I believed I couldn't do things because I wasn't 'that type of person.'
This wasn't imposter syndrome. This was deeper: When you grow up without examples of people like you becoming engineers, founders, or leaders, those aren't even on your map of possible destinations. They're just things that exist in other people's worlds.
Growing up in rural Minnesota, I never saw anyone learn to code, build companies, or lead teams.
These were things other people did. People who were born knowing how.
It never occurred to me that everyone starts bad.
I was in my thirties when my wife heard me say I couldn't do something and said:
"You know everyone starts out terrible at things, right?"
The look on her face as she realized she'd married someone who missed this basic fact was... memorable.
"Wait, you think people just... know how to do stuff? Without practicing first?"
When you're from a non-traditional background, nobody tells you:
That senior engineer you admire? Their first code had quality reminiscent of Temu furniture assembly instructions.
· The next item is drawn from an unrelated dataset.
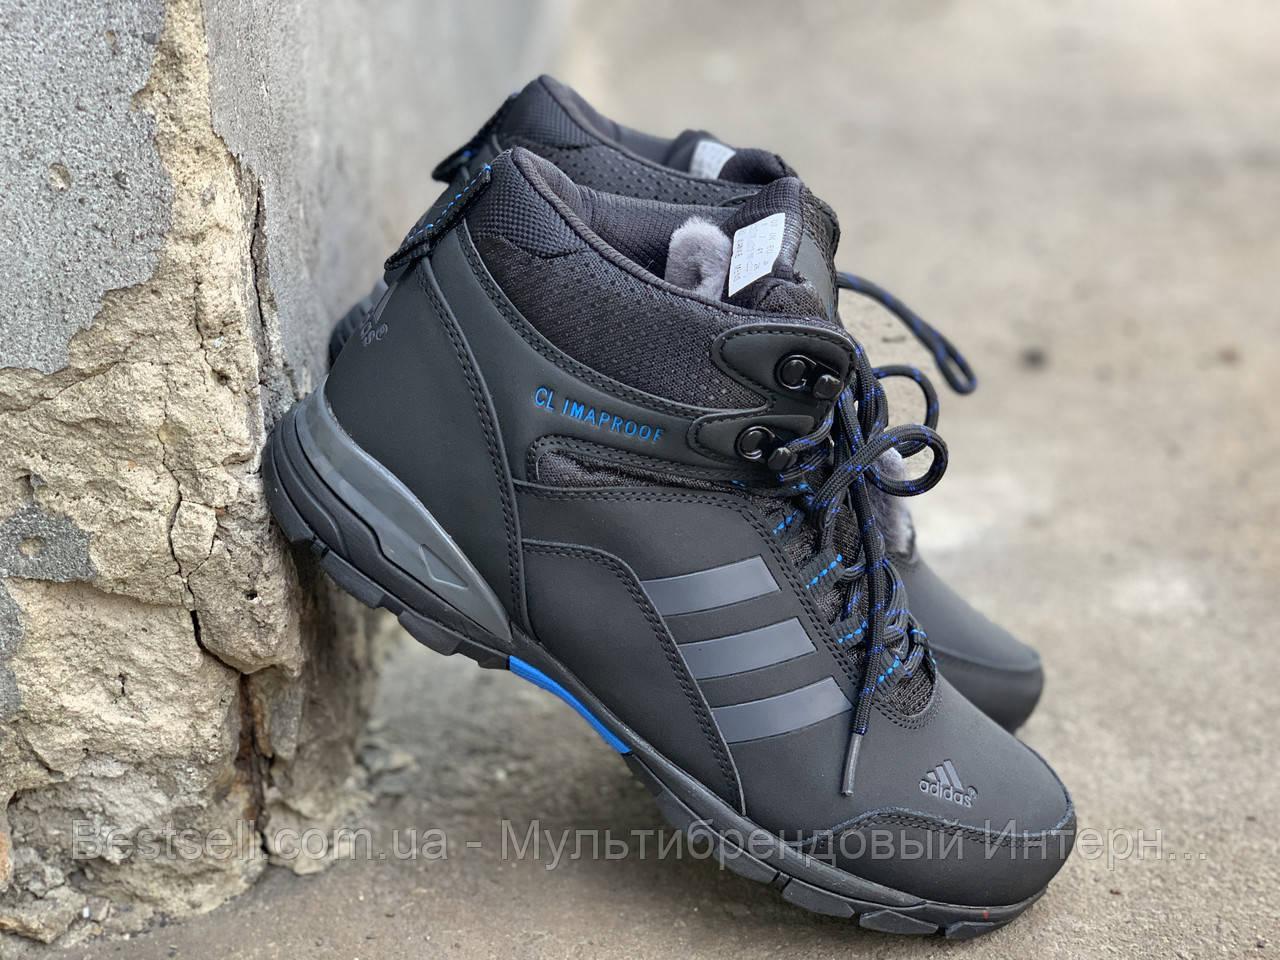 Зимові черевики (на хутрі) Adidas Climaproof 3-030 ⏩ [ 41 останній розмір ]

That polished executive? Used to say yes to everything because they didn't know how to set boundaries.
That confident founder who seems born for this? They're still figuring it out, just at a different level.
Nobody starts out good. The only difference is some people know that's normal.
If you're from a non-traditional background, you probably never saw the journey from 'can't' to 'can.'
Everything you think you're not built for?
You're right.
You're not built for it yet.
Being willing to be bad at something while you practice? That's the only real requirement.